On Sat, Oct 29, 2022 at 05:54:44PM -0700, Nadav Amit wrote:
On Oct 29, 2022, at 5:15 PM, Mike Kravetz mike.kravetz@oracle.com wrote:
zap_page_range is a bit confusing. It appears that the passed range can span multiple vmas. Otherwise, there would be no do while loop. Yet, there is only one mmu_notifier_range_init call specifying the passed vma.
It appears all callers pass a range entirely within a single vma.
The modifications above would work for a range within a single vma. However, things would be more complicated if the range can indeed span multiple vmas. For multiple vmas, we would need to check the first and last vmas for pmd sharing.

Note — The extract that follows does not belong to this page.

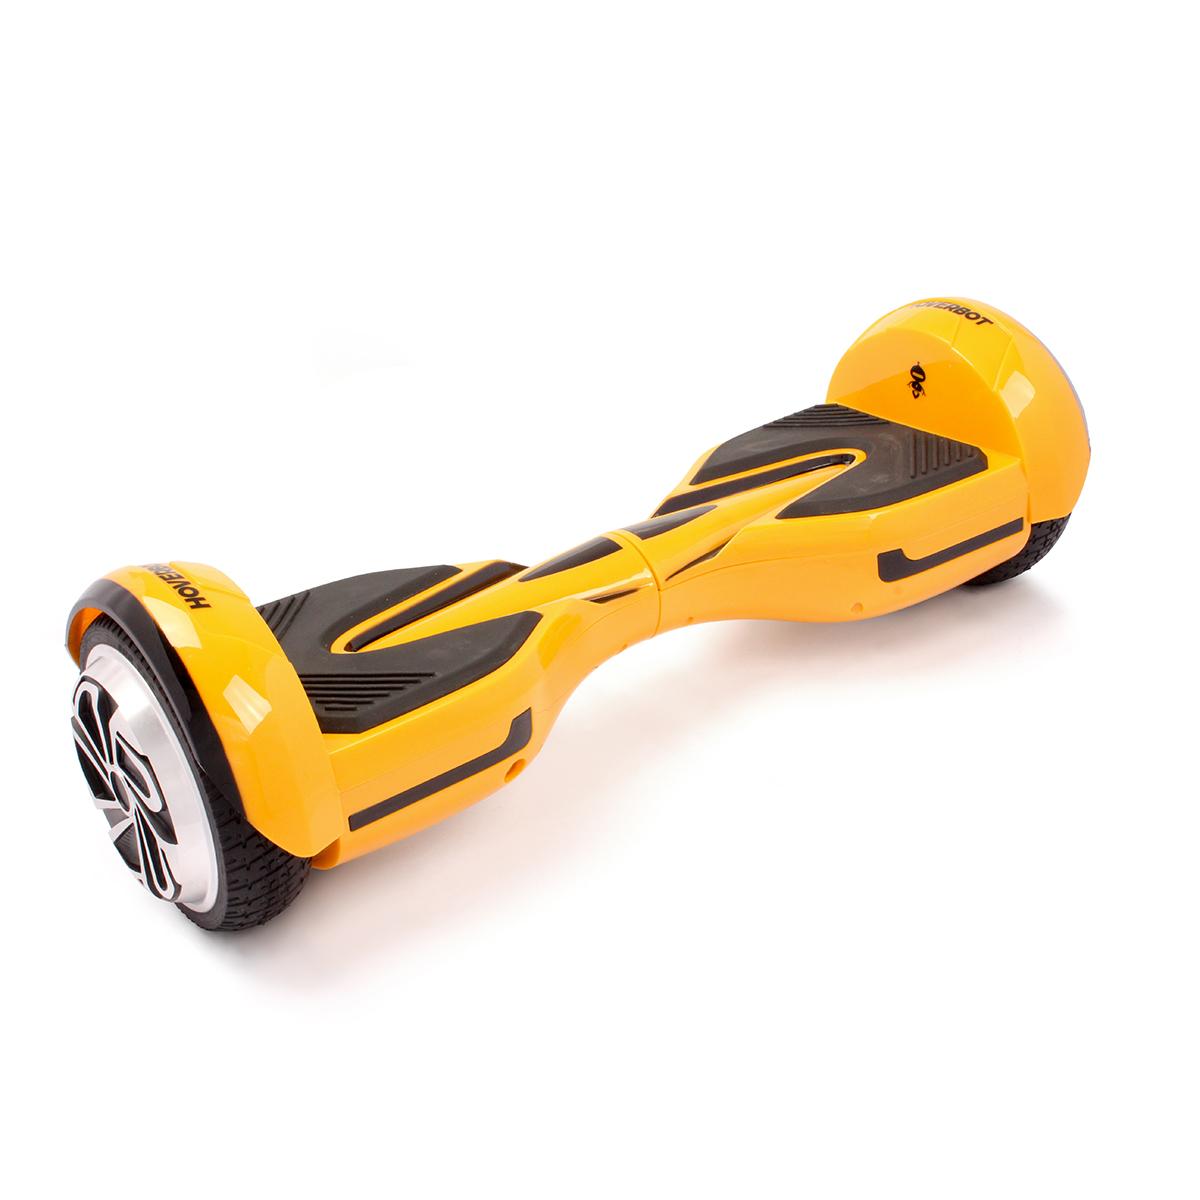 """Гироскутер Hoverbot A-12 (H-2), цвет: желтыйGA12YWГироскутер A-12 (H-2) имеет современный спортивный дизайн, который располагаетк быстрой езде. Данная модель отлично подойдёт для опытных пользователей.Устройство по праву занимает одно из достойных мест в классе 6,5 колёс. Имея большойзапас хода и мощный мотор (2х400W) Hoverbot A12, бесшумно преодолевает расстояниев 15 км на одном заряде батареи. Хорошее сцепление с дорогой и устойчивый ход бордаA12 позволяет опытным райдерам быстро набирать скорость и успешно маневрироватьдаже в самых экстремальных ситуациях. Покупая Hoverbot A12 вы покупаете не толькосредство для развлечения, но и универсальное средство передвижения, которое можнолегко брать с собой в дорогу, поскольку он компактен и помещается в любую машину.Благодаря своему небольшому весу (10 кг) вы легко можете взять его в руки зацентральную часть борда и перенести через препятствие, продолжить свой путь вавтобусе, либо в метро. Hoverbot А12 оснащён передними ходовыми огнями игабаритами сзади. Вся подсветка выполнена из светодиодных лампочек и имеет долгийсрок службы.Характеристики:1. Цвета: black, yellow, red2. Возможная дистанция: 15 км3. Максимальная скорость: 15 км/ч4. Аккумулятор: Lithium 4.4 Ah5. Размер колеса: 6,5"""" (165 мм)6. Мощность мотора: 2х400 W7. Максимальная нагрузка: 120 кг8. Время заряда/сеть: 120 мин/220В9. Вес нетто: 10 кг10. Вес брутто: 11,5 кг11. Влагозащита: IP5412. Условия эксплуатации: 10°C до +50°C13. Размер коробки: 675 х 260 х 265Комплектация: Зарядное устройство."""
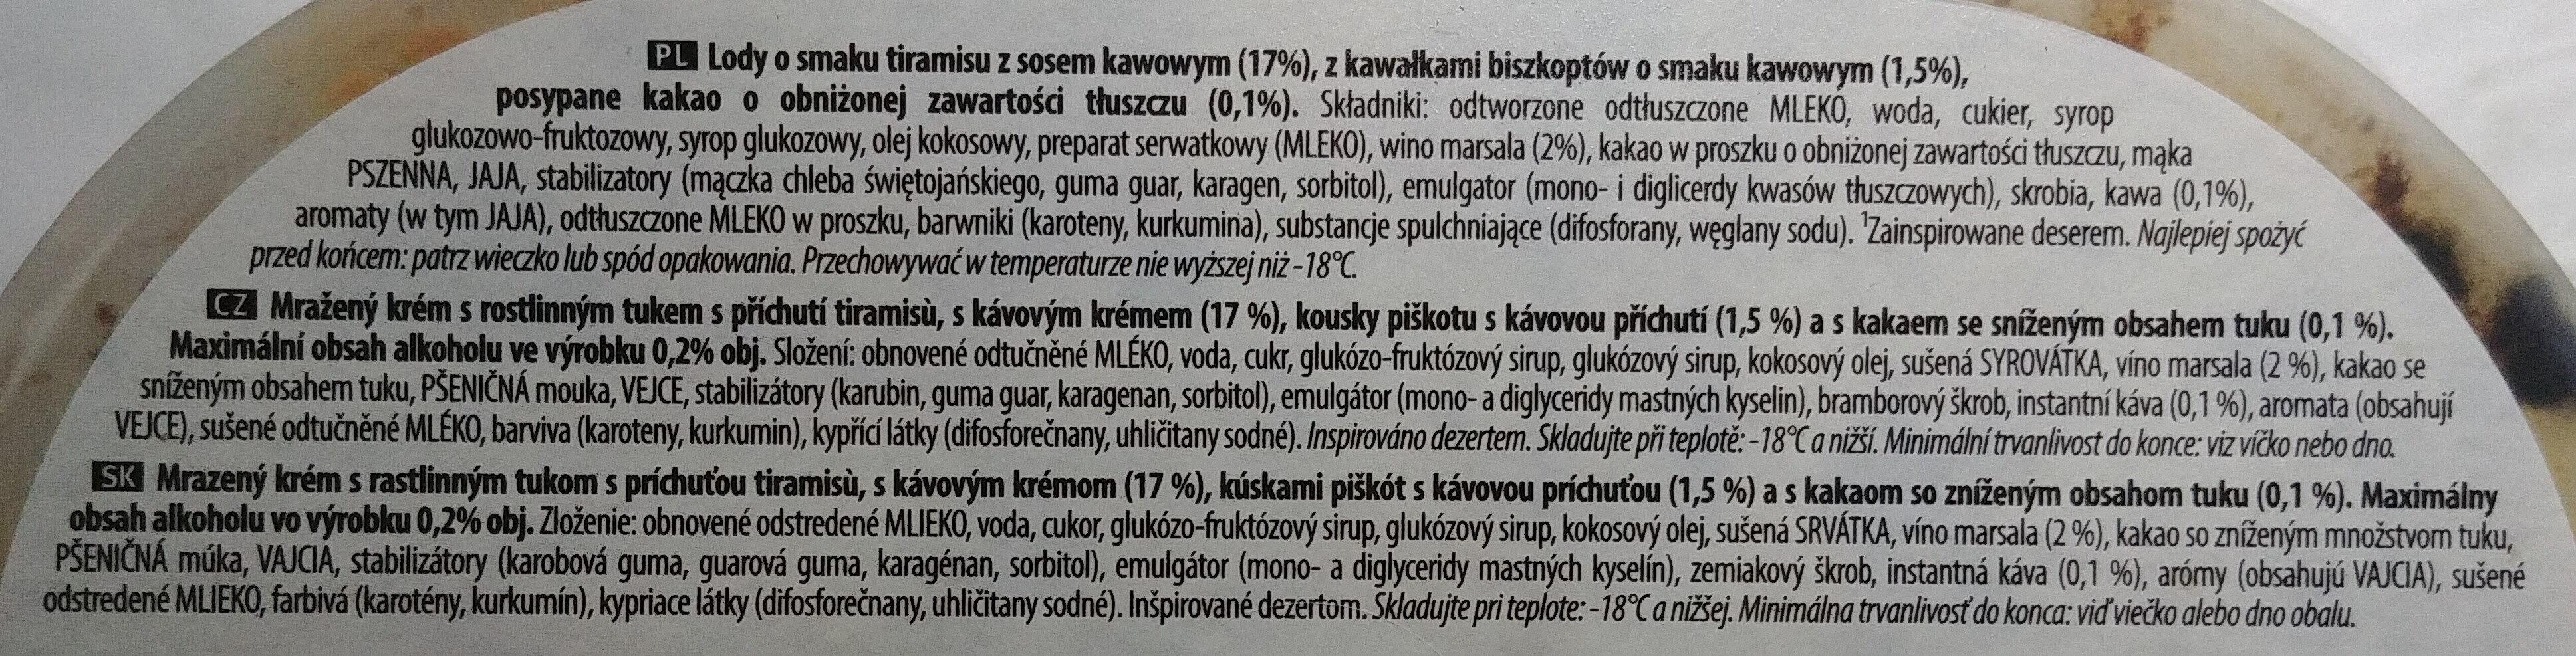 Lody o smaku tiramisu z sosem kawowym - Składniki - pl

Anyone know more about this seeming confusing behavior? Perhaps, range spanning multiple vmas was left over earlier code?
I don’t have personal knowledge, but I noticed that it does not make much sense, at least for MADV_DONTNEED. I tried to batch the TLB flushes across VMAs for madvise’s. [1]
The loop comes from 7e027b14d53e ("vm: simplify unmap_vmas() calling convention", 2012-05-06), where zap_page_range() was used to replace a call to unmap_vmas() because the patch wanted to eliminate the zap details pointer for unmap_vmas(), which makes sense.
I didn't check the old code, but from what I can tell (and also as Mike pointed out) I don't think zap_page_range() in the lastest code base is ever used on multi-vma at all. Otherwise the mmu notifier is already broken - see mmu_notifier_range_init() where the vma pointer is also part of the notification.
Perhaps we should just remove the loop?
Need to get to it sometime.
[1] https://lore.kernel.org/lkml/20210926161259.238054-7-namit@vmware.com/